Realistically, some assignment types simply no longer hold the value they used to. Discussion boards posts, for instance, are incredibly tempting for students to offload to technological tools. And there are strong temptations for instructors as well as students to take advantage of time-saving measures, including the siren call of tools that evaluate student writing for you. But I/we would urge anyone reading this not to assign writing you don’t want to read yourself. Why should a student be invested in the writing, if we aren’t? We don’t have to keep assigning the same kind of writing just because it’s what we experienced, unless it’s a genre we know they’ll have to employ later in their working lives.
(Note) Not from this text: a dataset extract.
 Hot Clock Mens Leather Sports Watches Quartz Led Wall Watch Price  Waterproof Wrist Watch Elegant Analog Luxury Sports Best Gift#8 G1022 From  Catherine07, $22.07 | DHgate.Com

And it’s worth finding ways students can feel genuinely invested in their assignments. It’s true that some disciplines are highly constrained by conventions and expectations for what kinds of information gets shared and how. But in others, there’s room for students to make connections to their own lives. If they care about a topic, if they can see the relevance to their own experiences and future, they’re more likely to want to put time into doing the writing themselves.
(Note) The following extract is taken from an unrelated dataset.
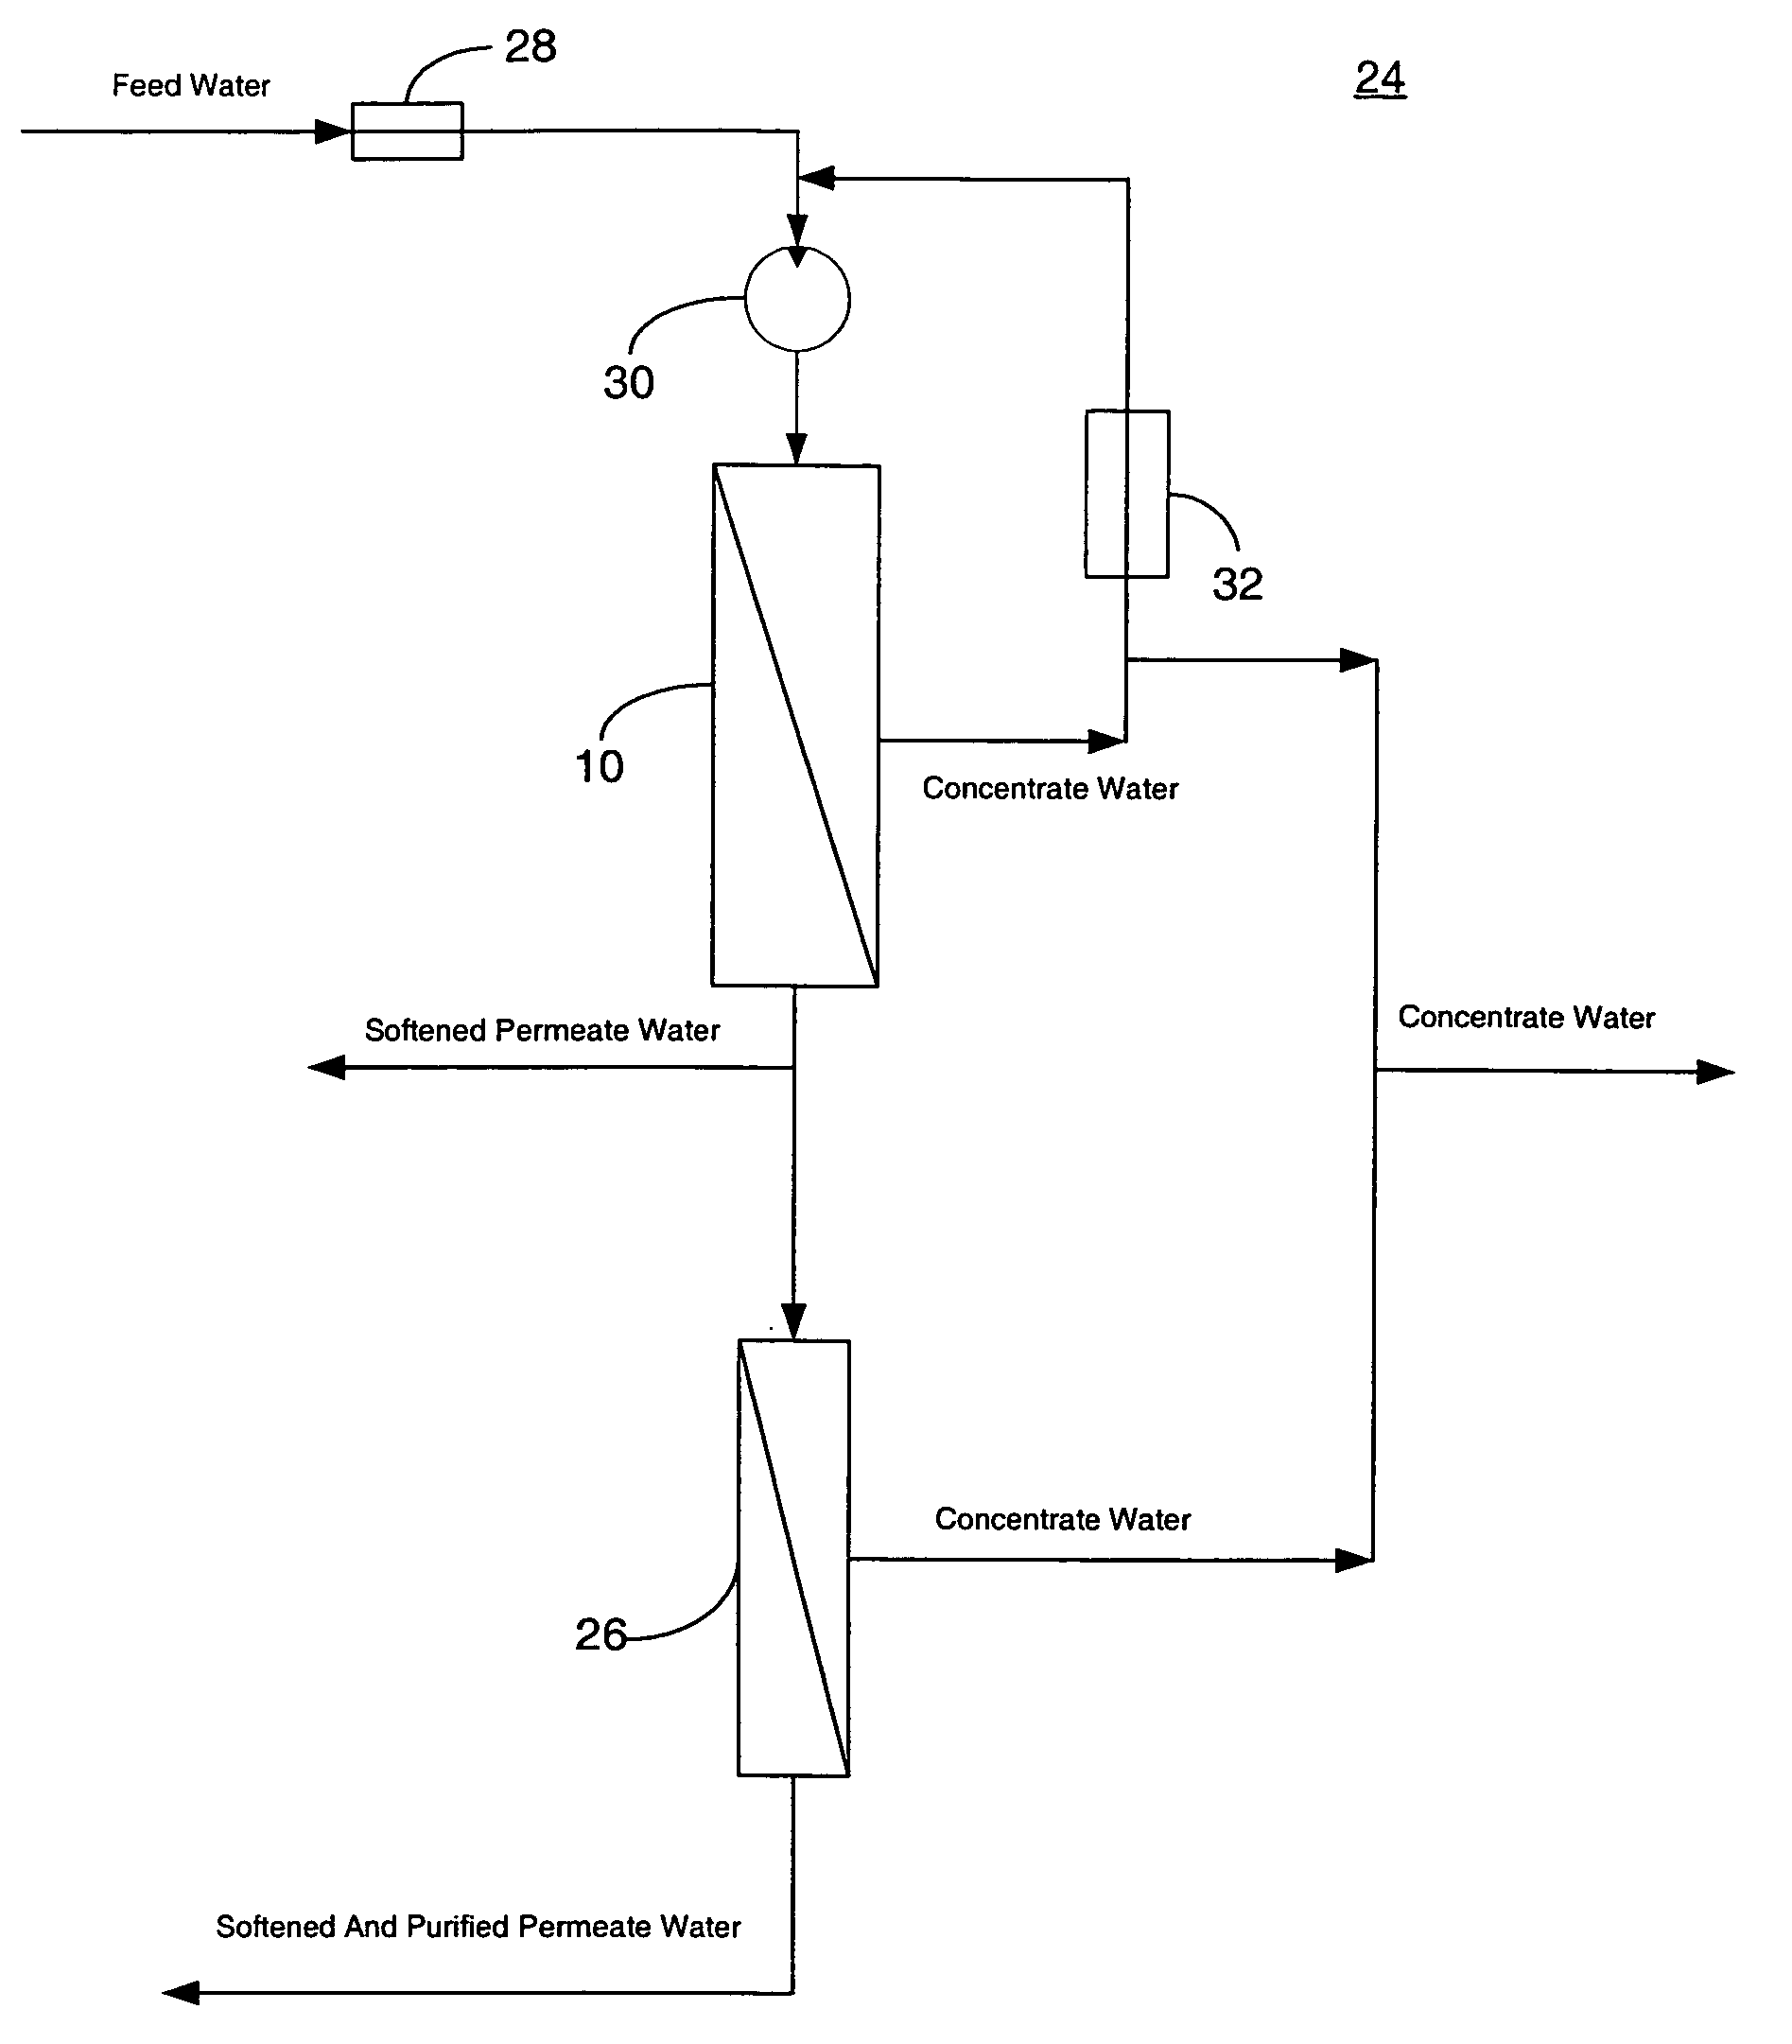 System and method for conditioning water

Moreover: it is imperative to revisit our disciplinary and pedagogical values, and what, specifically, we want students to learn. What do we need students to be able to demonstrate they can do? How is writing the best way to do this? When it is, how can we shape the assignment to be both useful and approachable? The next, crucial step is to make these purposes crystal clear to our students. Why are we asking them to do this kind of writing? What learning does it demonstrate? What does it accomplish? If students understand why they’re doing something—what they gain from going through the process themselves—they’re far more likely to put the effort into doing the kind of work that a) rewards our own time spent reading it, and b) helps them learn to think in the analytical and/or creative ways we hope they will.
- Rethink evaluation.
Refocusing on our core values—what, ultimately, we hope students take away from our courses—can thus help guide assignment design. But it is also on us as instructors to think very carefully about what values around writing we’re communicating to students, and again, what our end goals are for their learning, when we evaluate their written work. If students conclude that an instructor prioritizes clean, flawless prose over the ideas they’re trying to express, that creates a huge temptation to rely excessively on genAI tools to produce writing that meets that standard. Undoubtedly, clear and effective writing is valuable. At the Writing Center, we’re here to help writers get there (over time). But sentence-level issues affecting clarity can always be dealt with later in the process (and indeed, it’s the more superficial aspects of writing that machines are good at addressing). But personally, as an instructor, I would rather see messy prose that reveals that the writer has wrestled with complex, nuanced ideas, as opposed to something that looks tidy but does not actually reflect any substantive thought.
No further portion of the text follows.